# TASK OBJECTIVE:
Without the pictures, can you quote each line below exactly?

# GIVEN MATERIAL:
»»

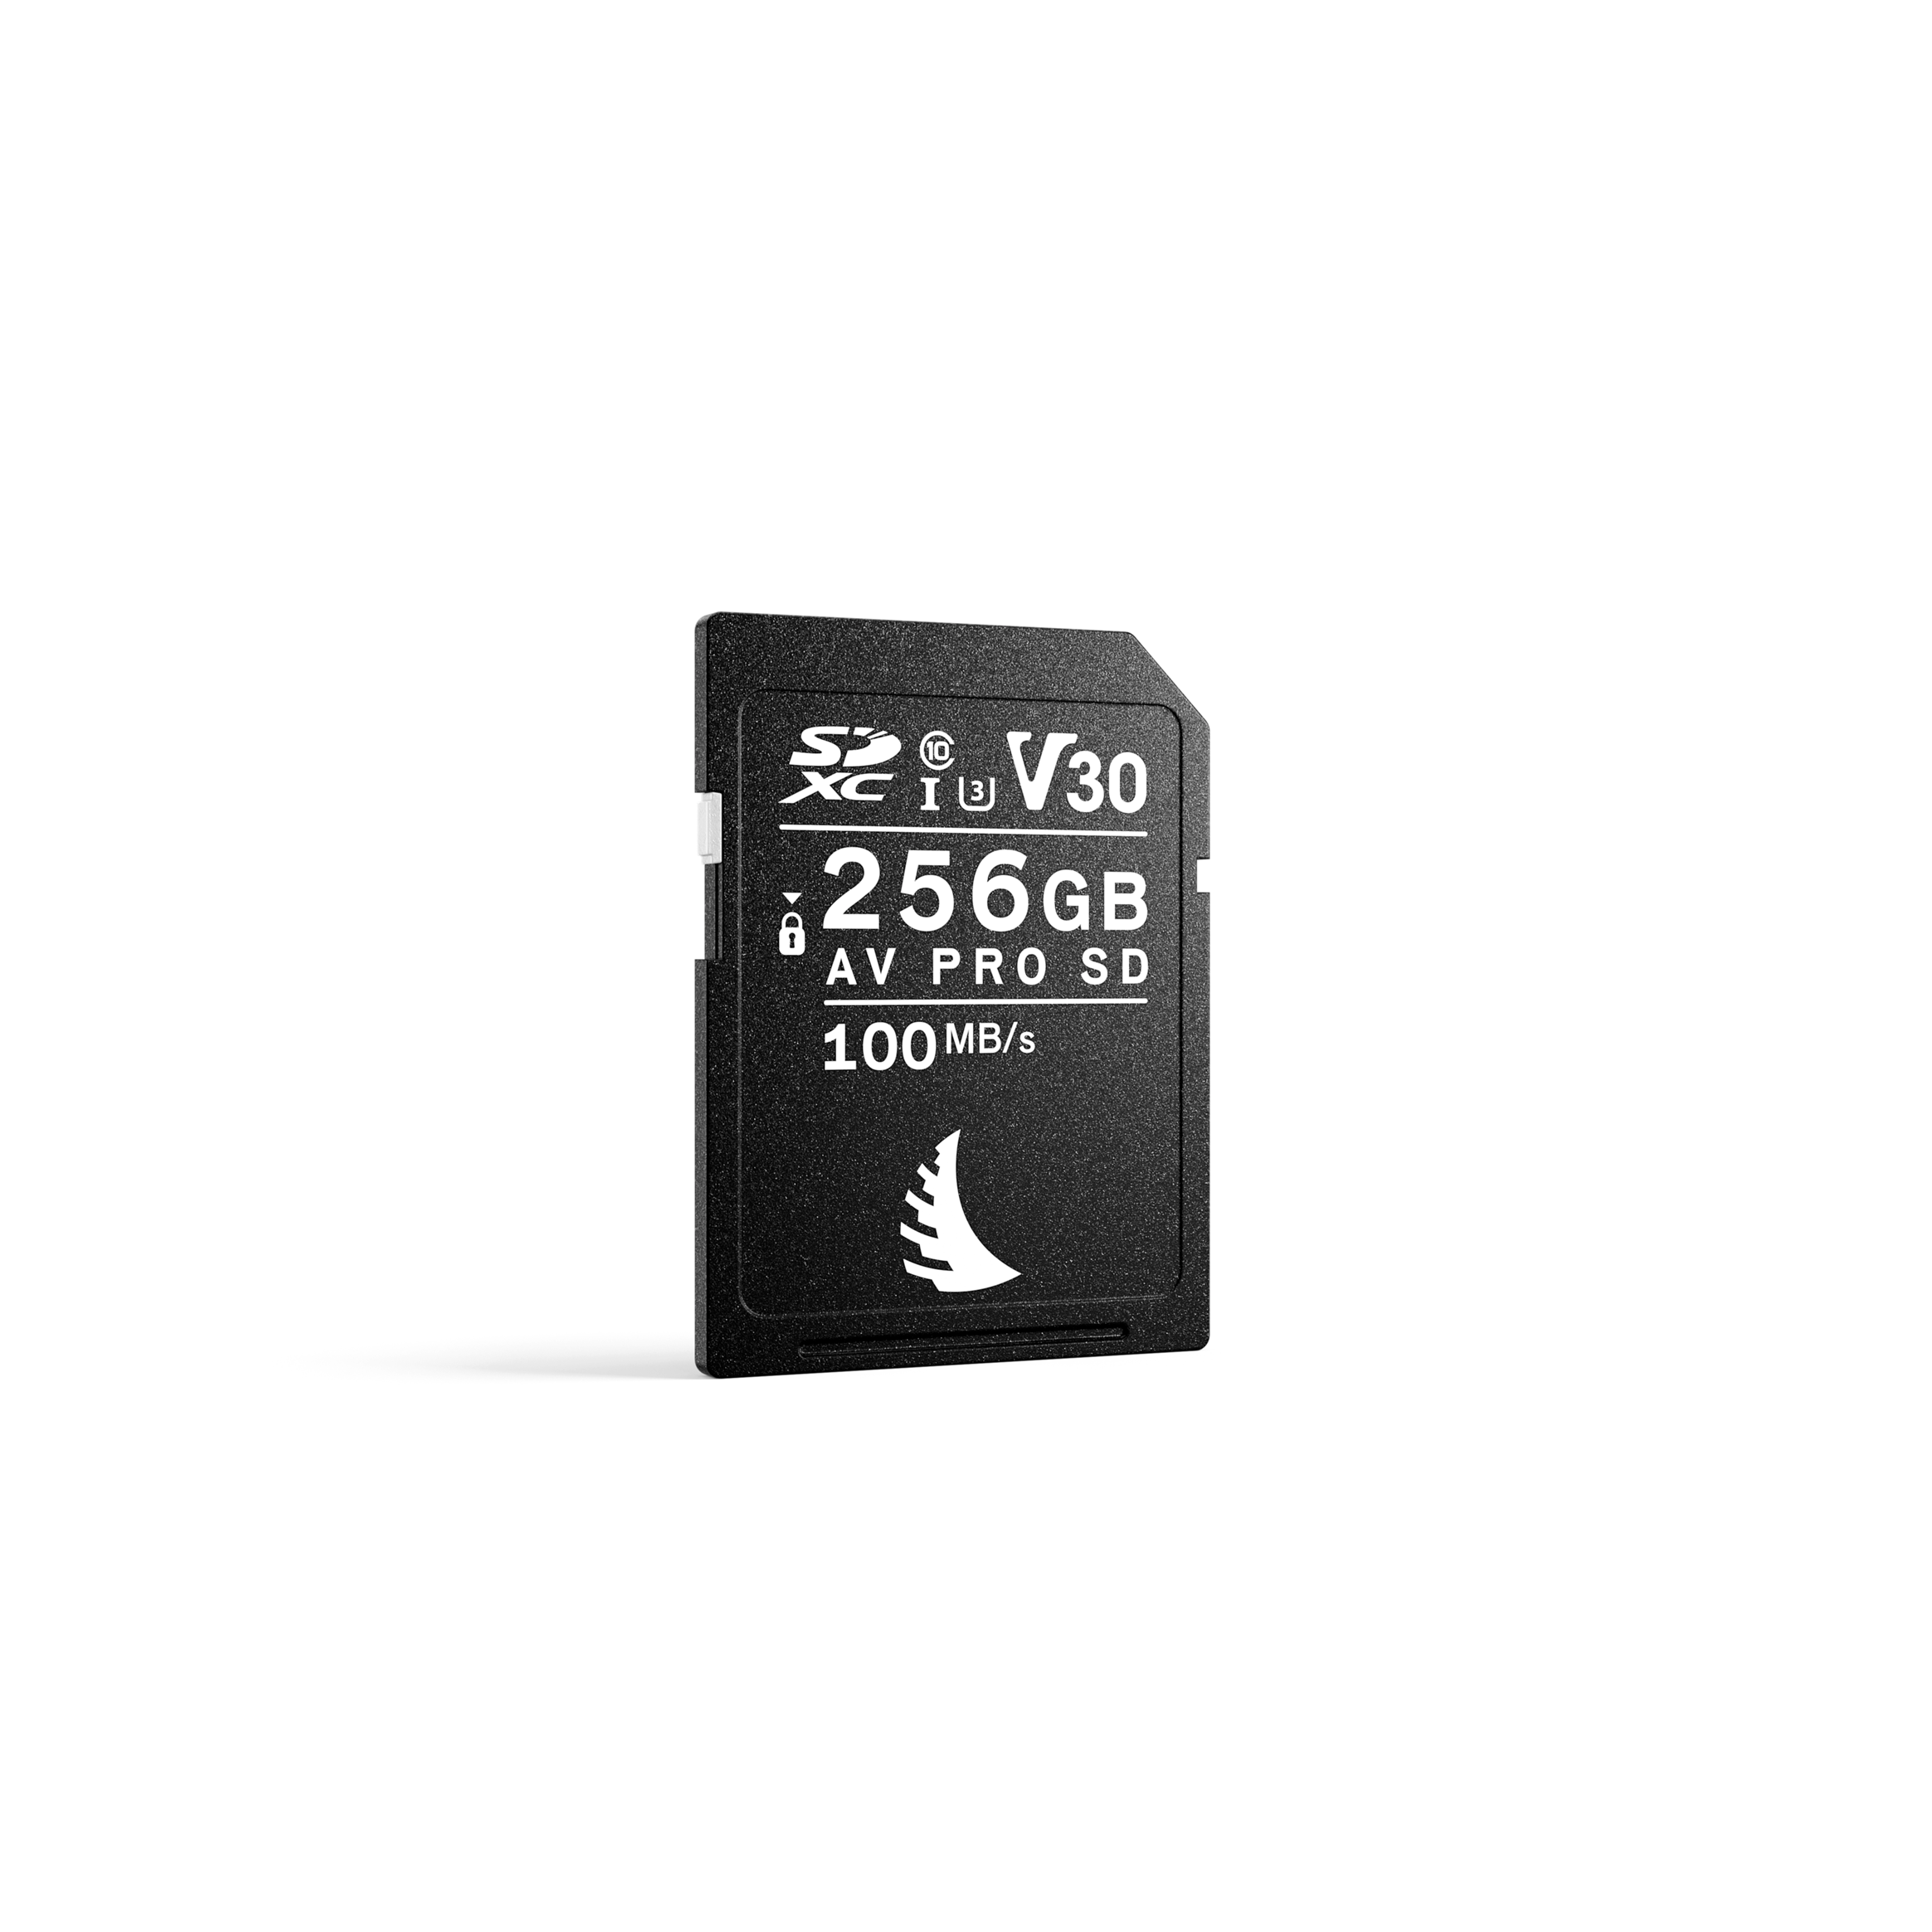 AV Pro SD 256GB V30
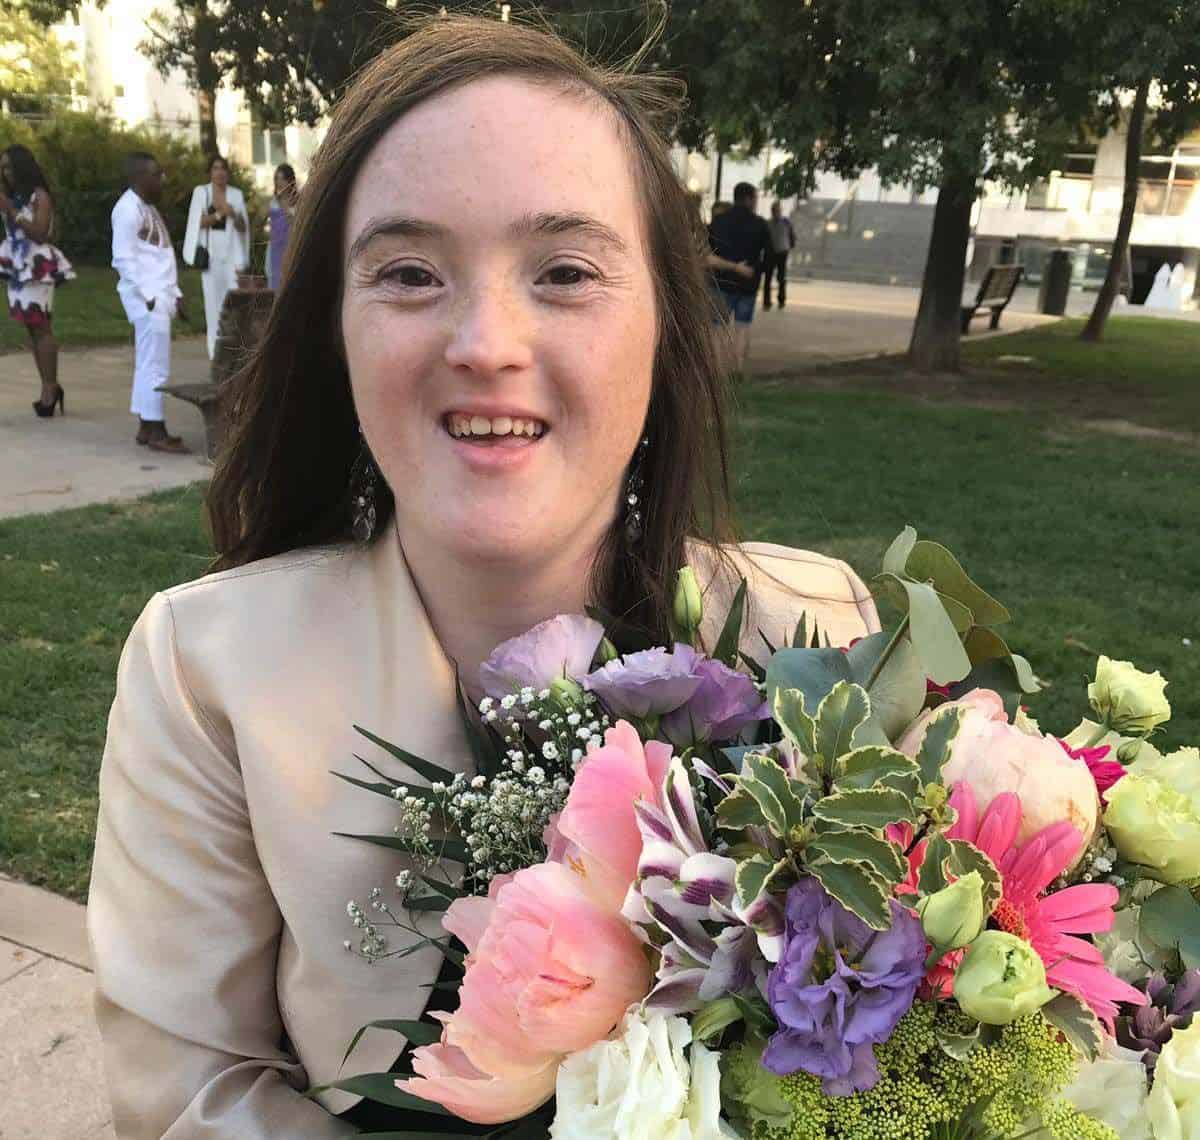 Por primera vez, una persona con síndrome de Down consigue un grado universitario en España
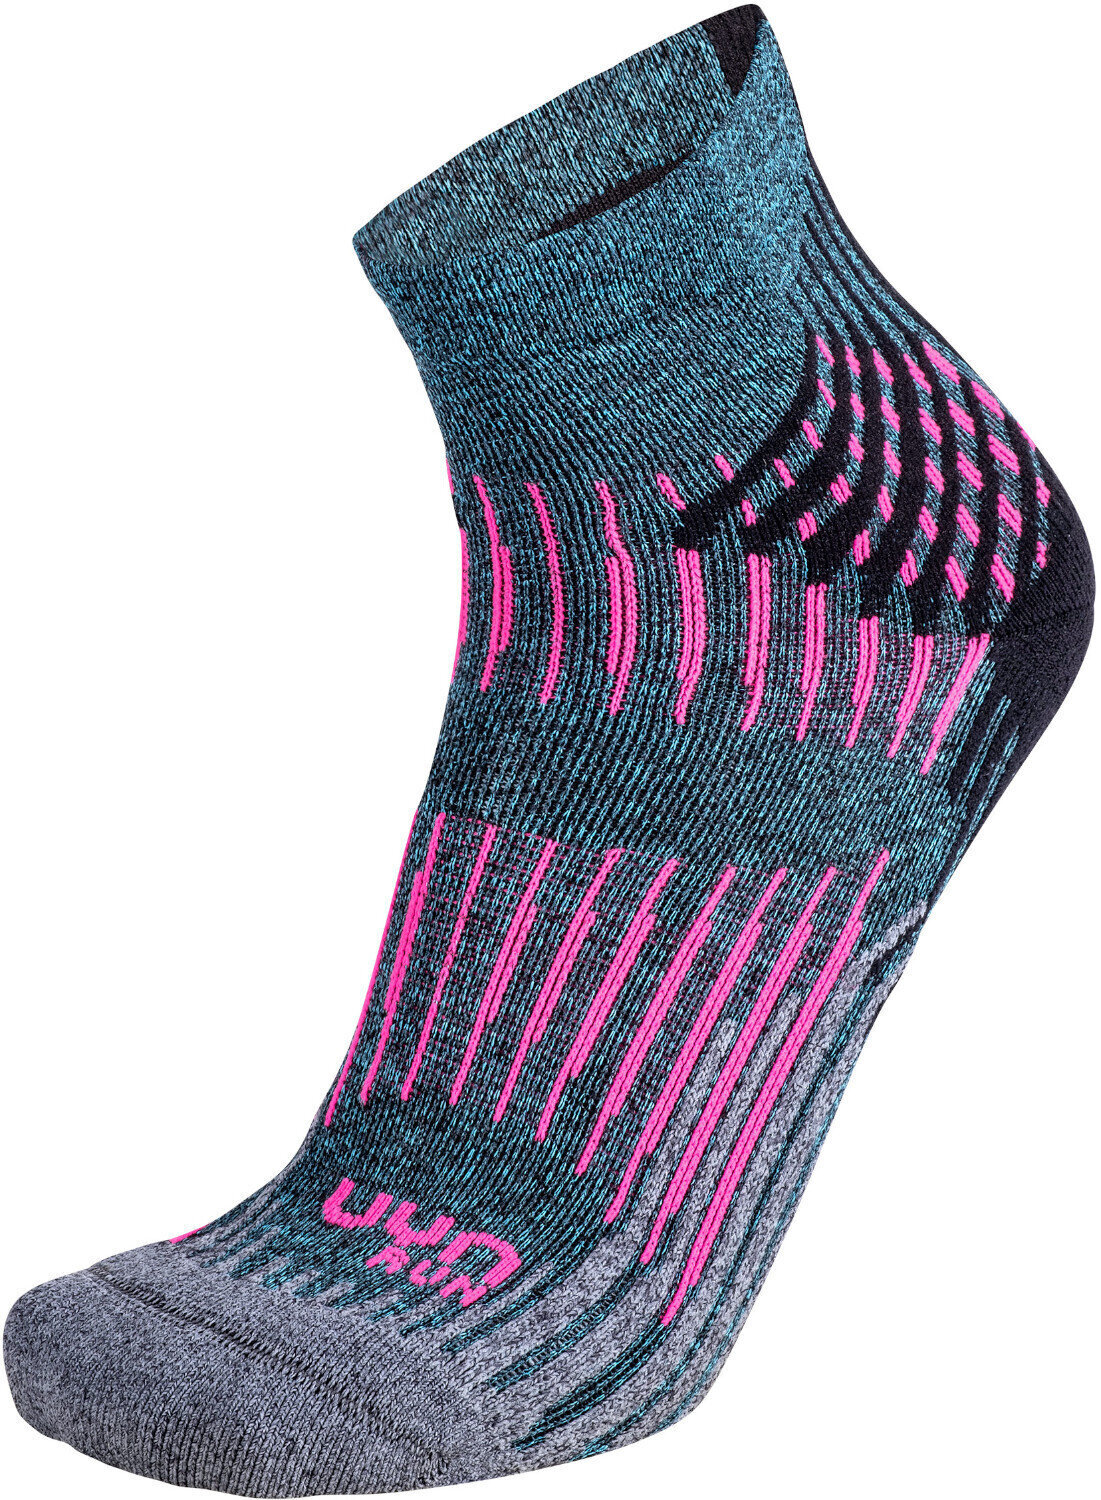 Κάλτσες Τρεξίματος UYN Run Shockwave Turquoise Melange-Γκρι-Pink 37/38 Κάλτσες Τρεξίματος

««

# YOUR RESPONSE:
 AV Pro SD 256GB V30
 Por primera vez, una persona con síndrome de Down consigue un grado universitario en España
 Κάλτσες Τρεξίματος UYN Run Shockwave Turquoise Melange-Γκρι-Pink 37/38 Κάλτσες Τρεξίματος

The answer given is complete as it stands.